> **THE DATA**

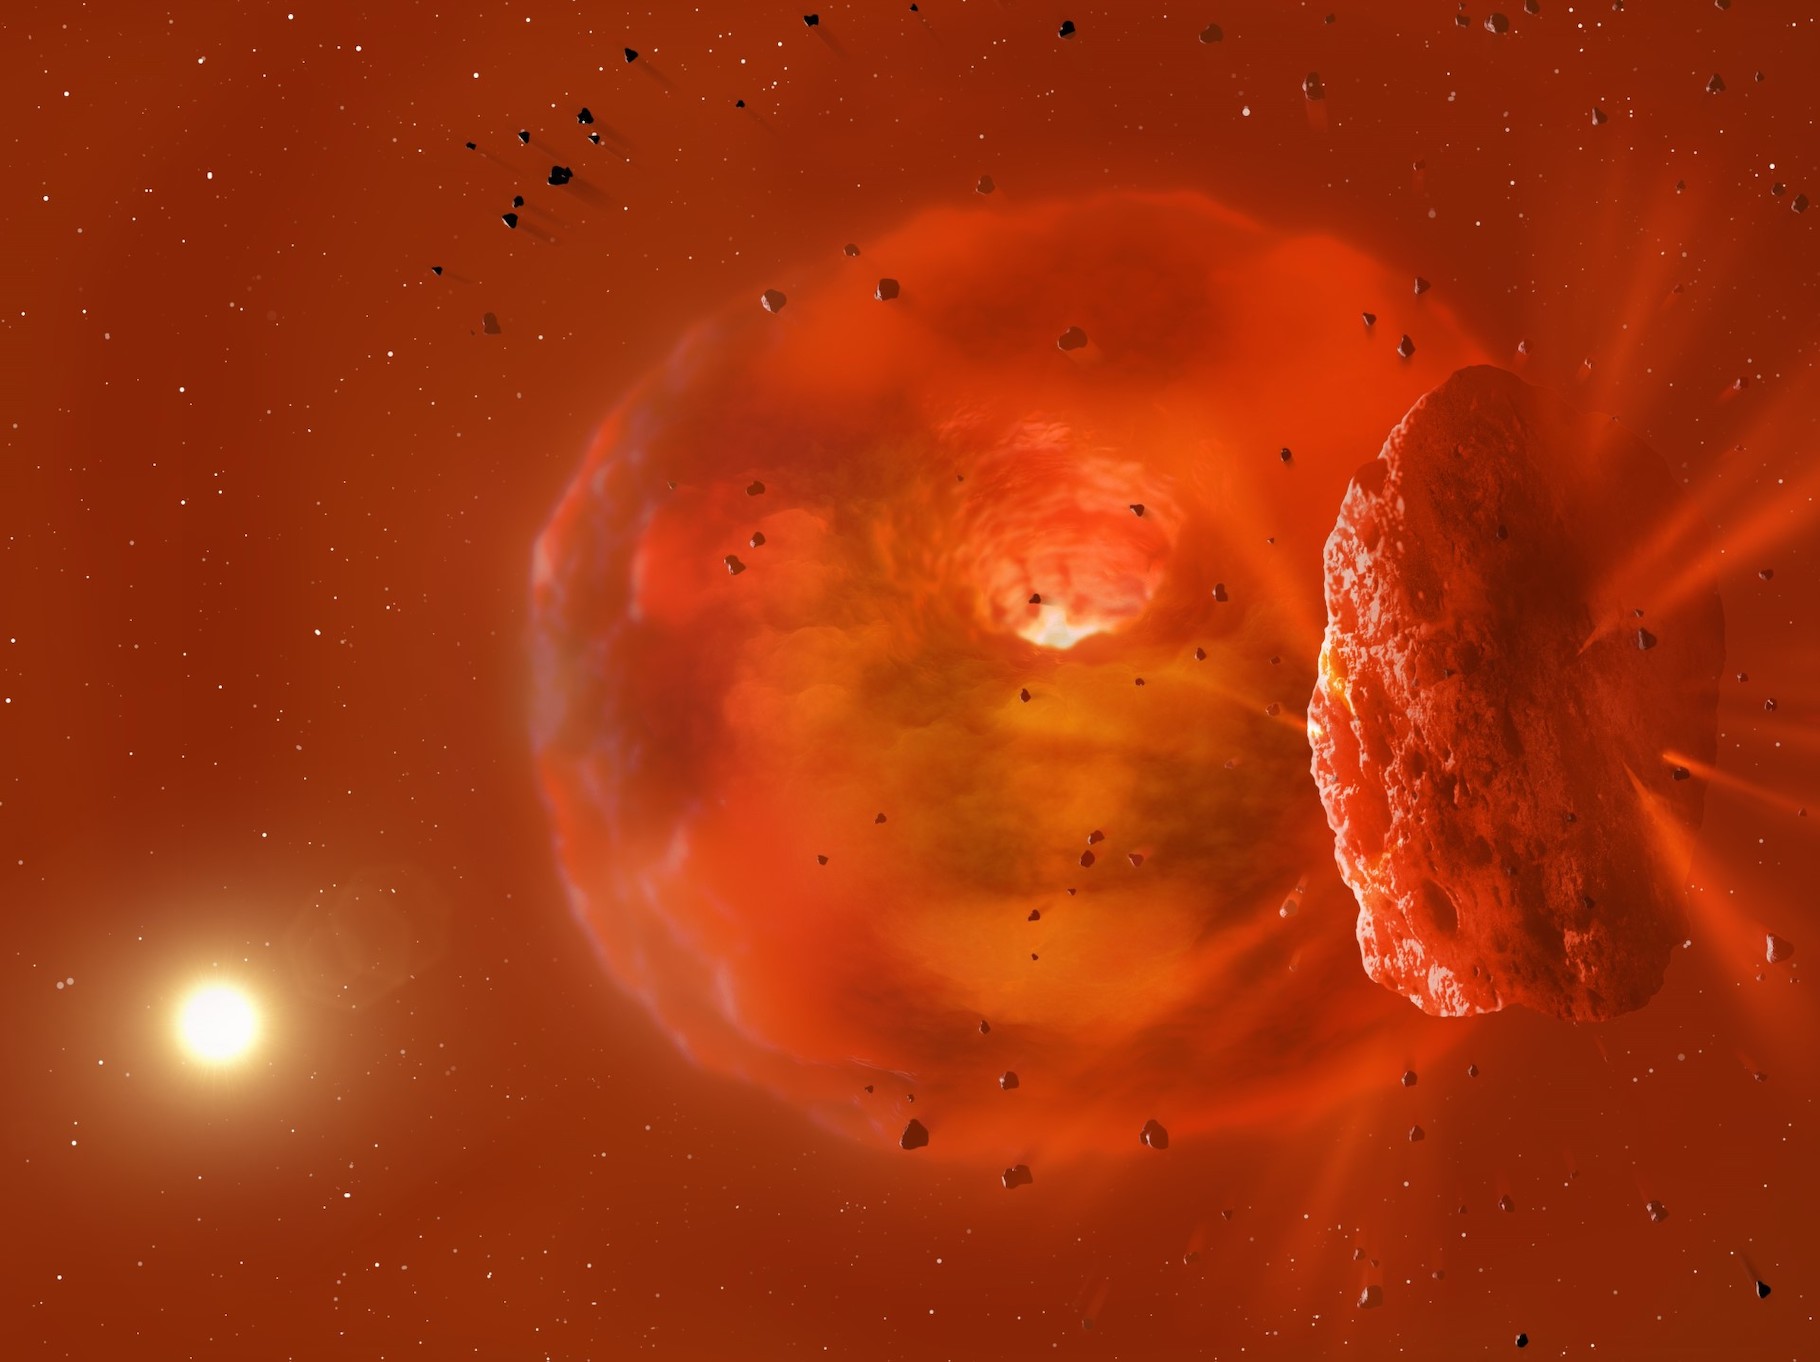 Deux exoplanètes géantes seraient entrées en collision. Ici, l’énorme corps brillant produit par l’événement. Au premier plan, des fragments de glace et de roche s’éloignent de la collision et se croiseront plus tard entre la Terre et l’étoile hôte visible à l’arrière-plan de l’image. © Mark Garlick, Université de Bristol
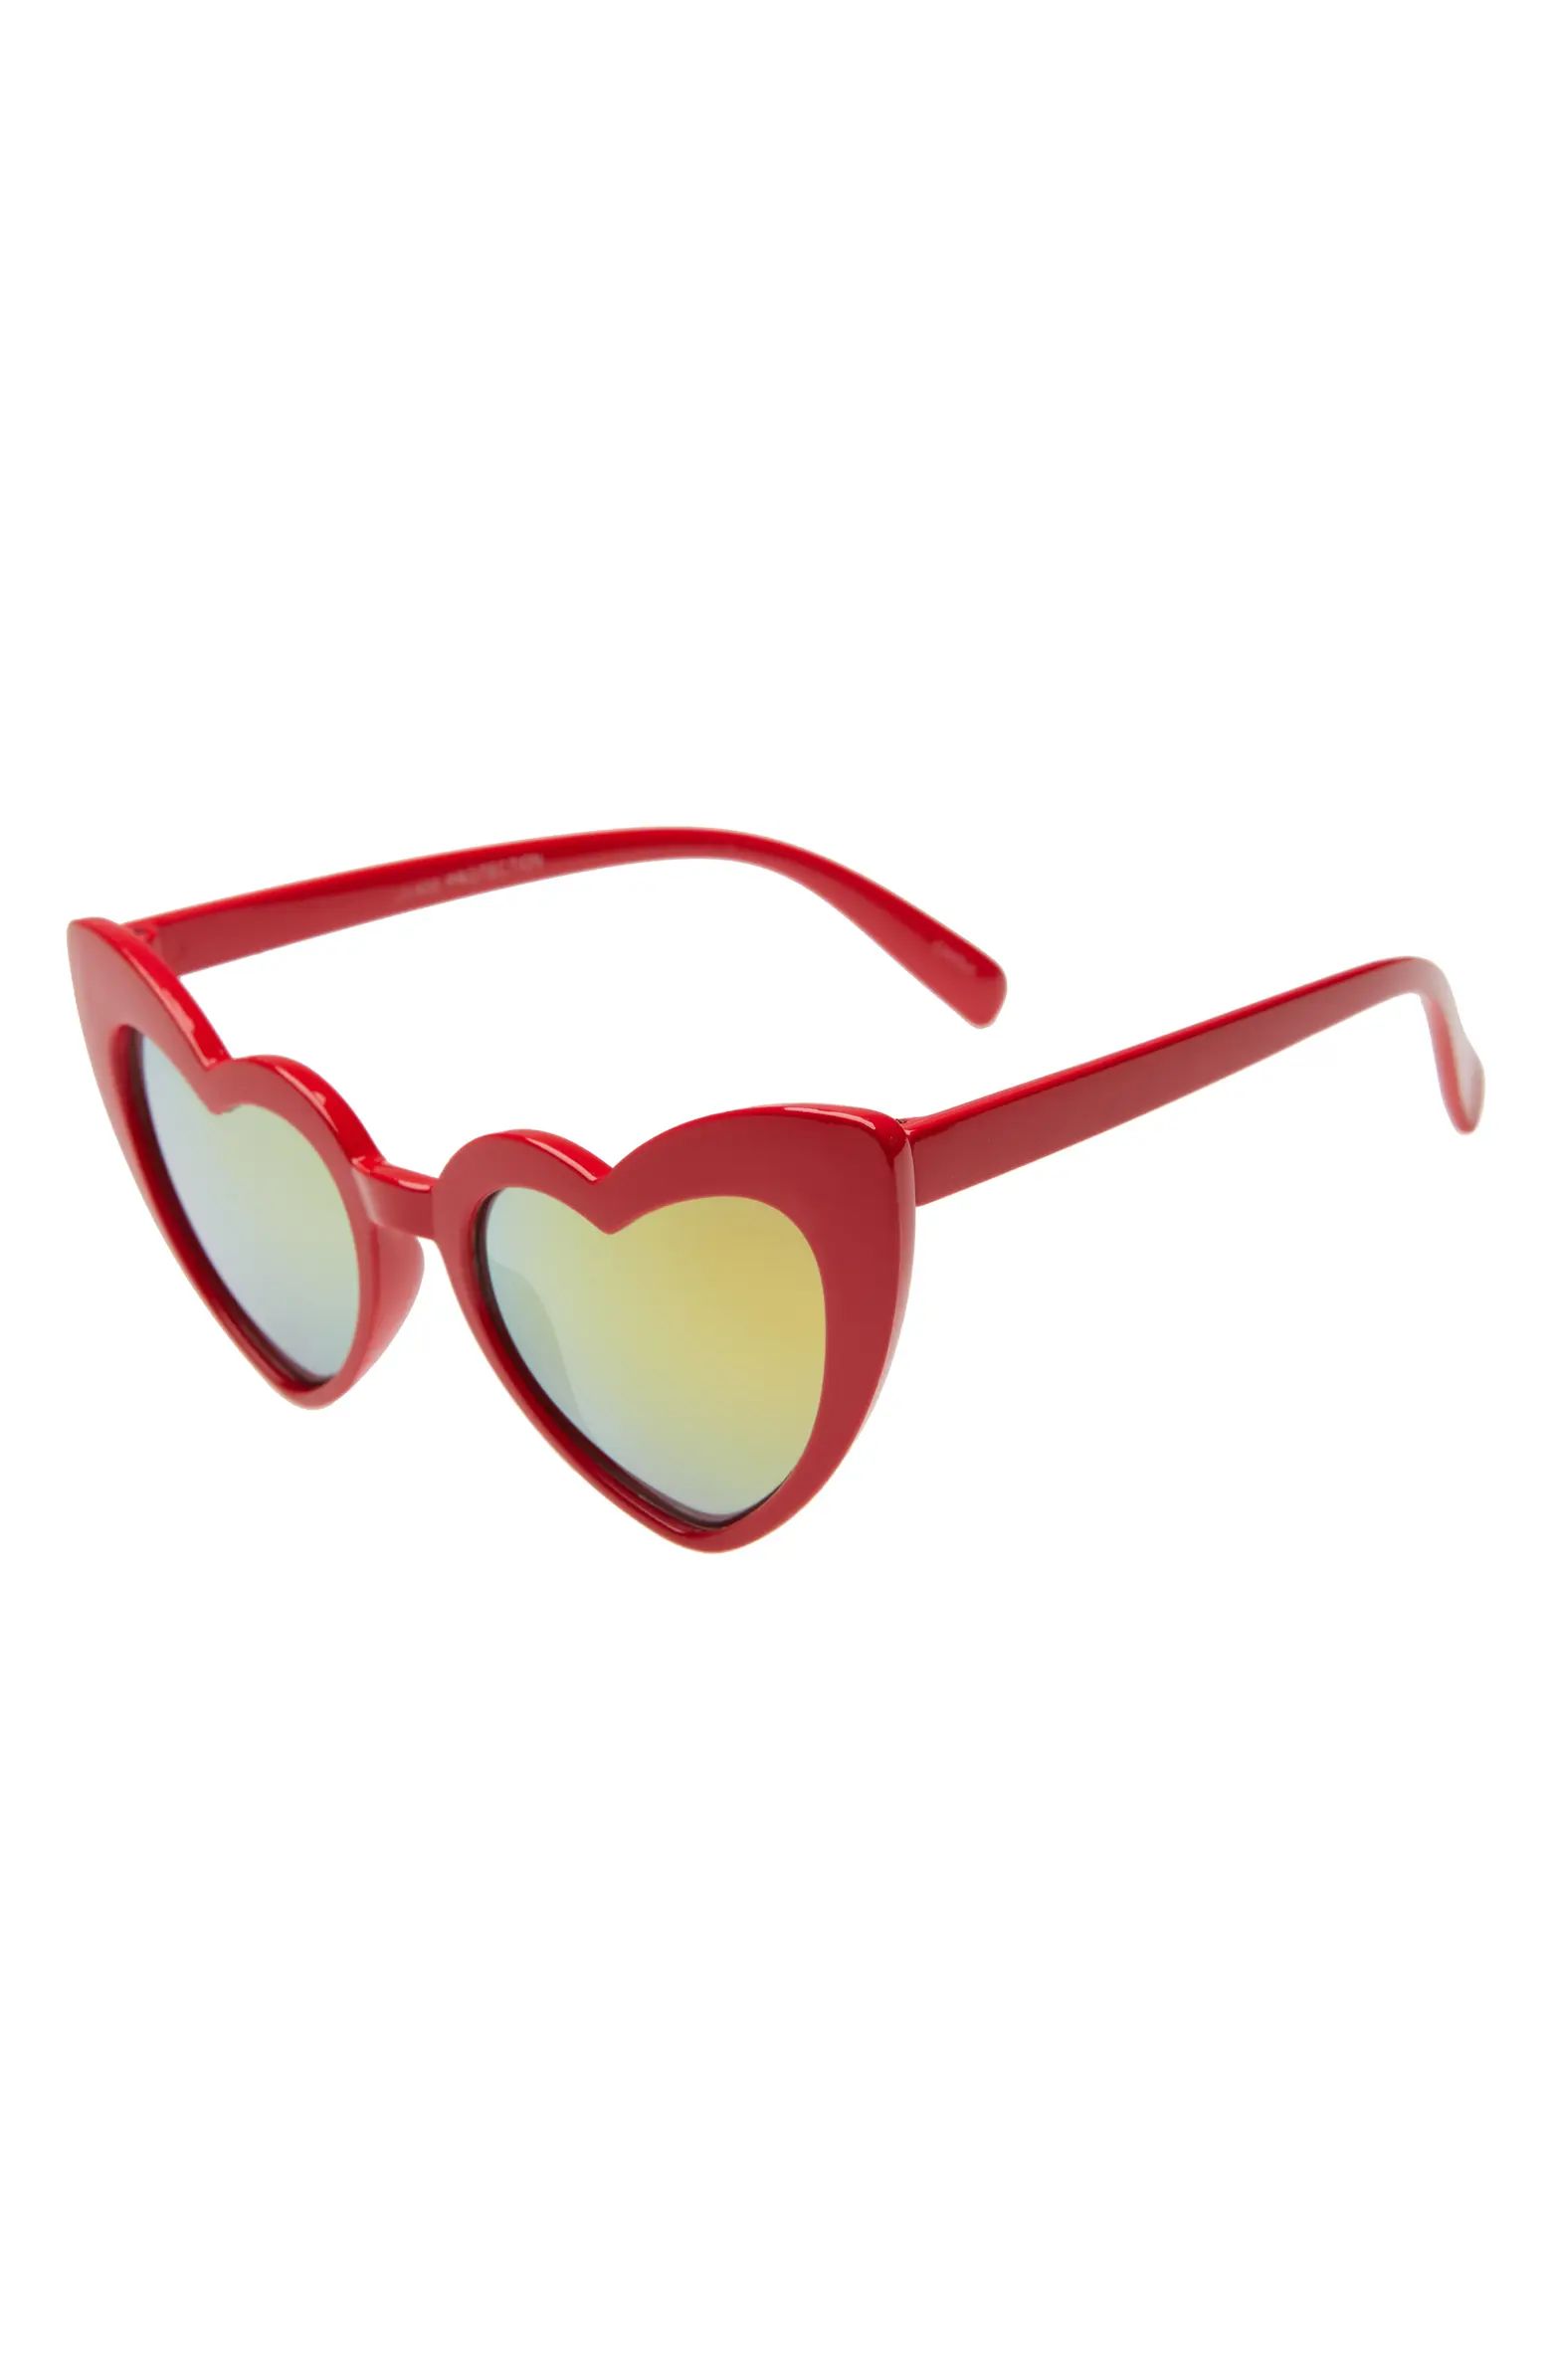 Rad + Refined Heart Sunglasses | Nordstrom | Nordstrom
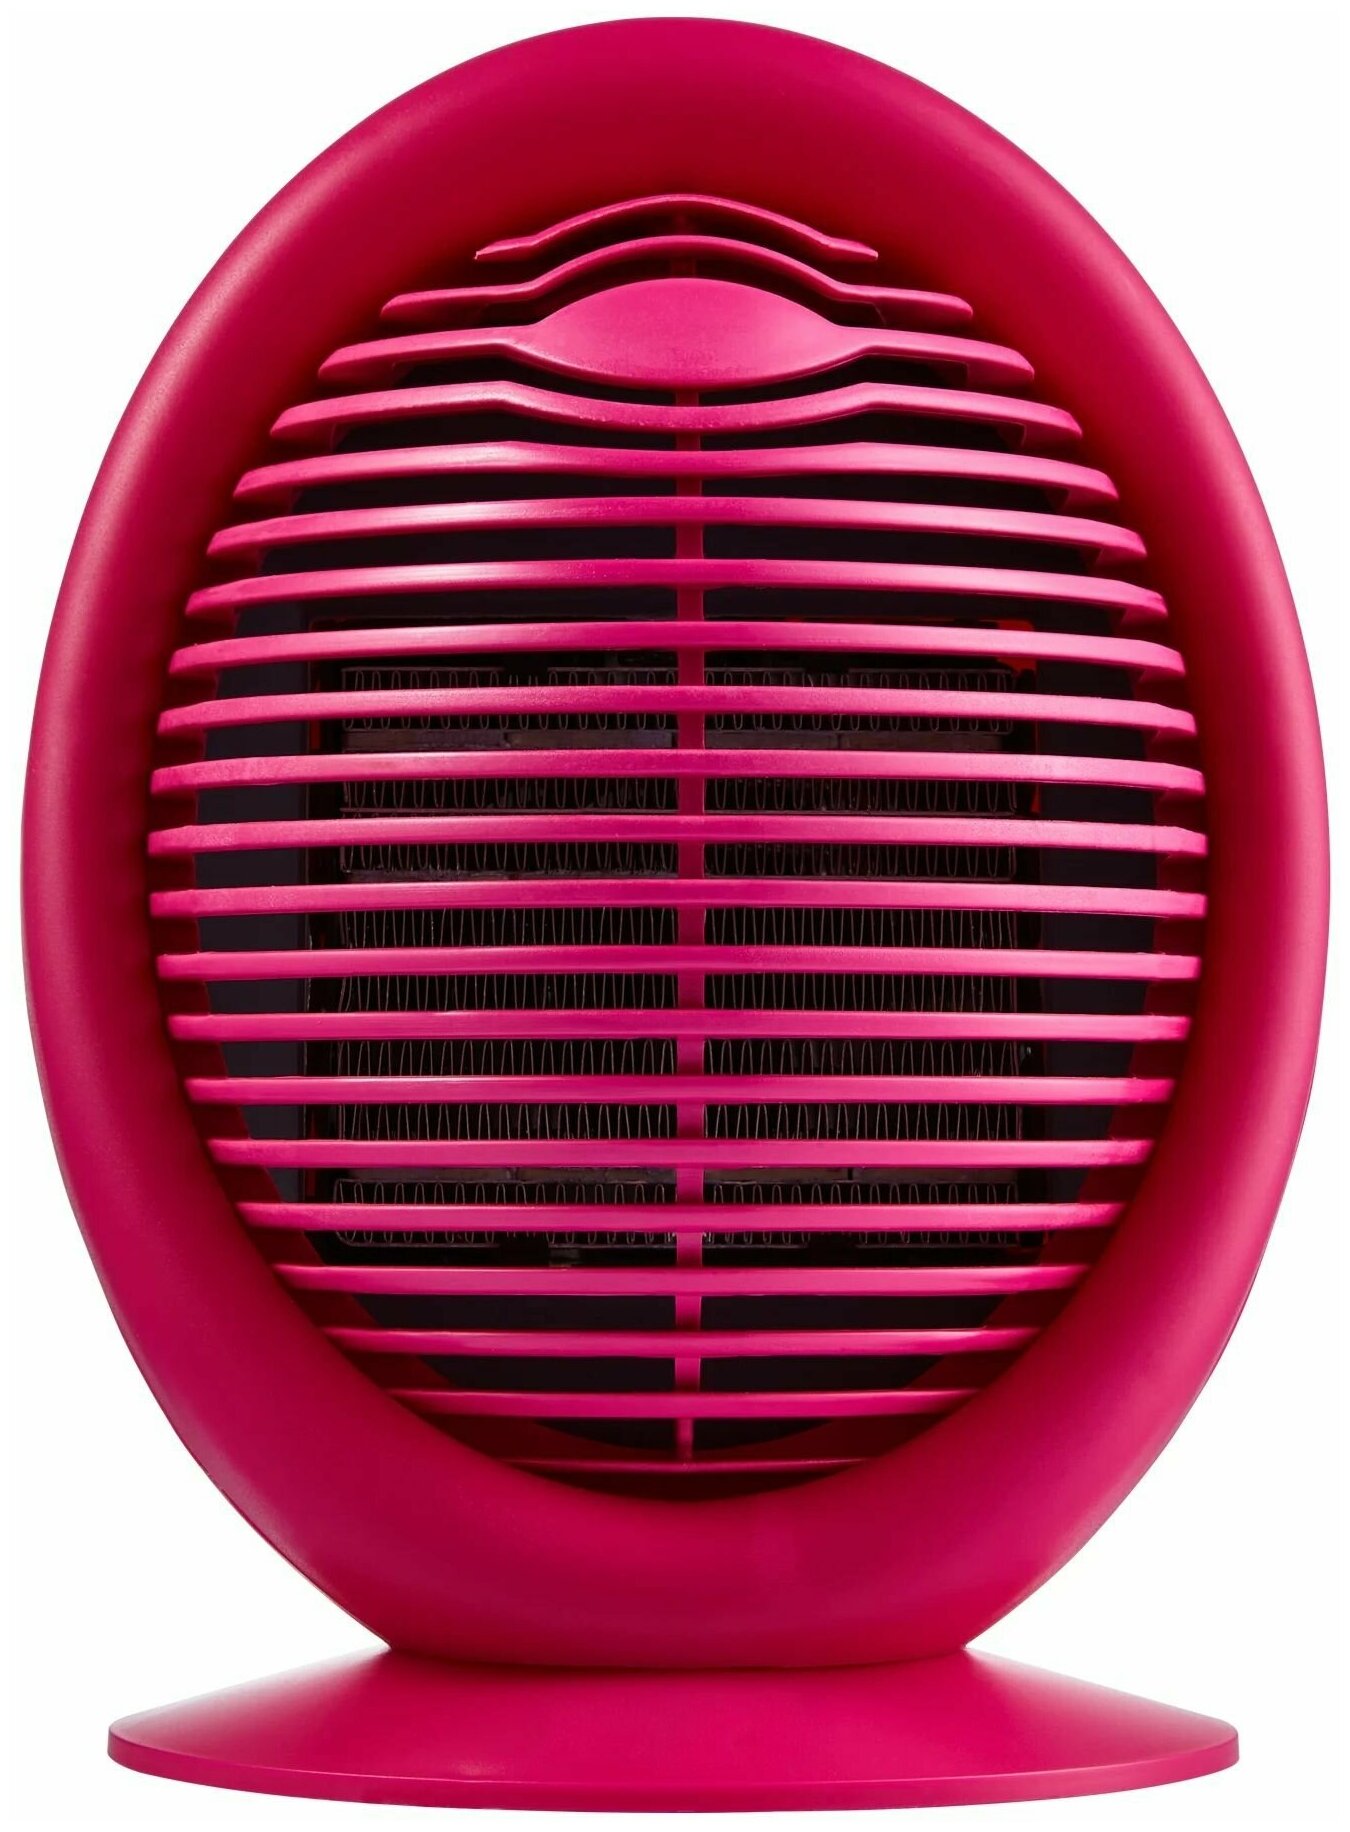 Тепловентилятор керамический электрический с механическим термостатом, 2000 Вт, цвет розовый, для дизайнерской гостиной или детской комнаты

> **ACTION ITEM**
Could you set down the data exactly as given, minus its pictures?

> **WRITTEN SOLUTION**
 Deux exoplanètes géantes seraient entrées en collision. Ici, l’énorme corps brillant produit par l’événement. Au premier plan, des fragments de glace et de roche s’éloignent de la collision et se croiseront plus tard entre la Terre et l’étoile hôte visible à l’arrière-plan de l’image. © Mark Garlick, Université de Bristol
 Rad + Refined Heart Sunglasses | Nordstrom | Nordstrom
 Тепловентилятор керамический электрический с механическим термостатом, 2000 Вт, цвет розовый, для дизайнерской гостиной или детской комнаты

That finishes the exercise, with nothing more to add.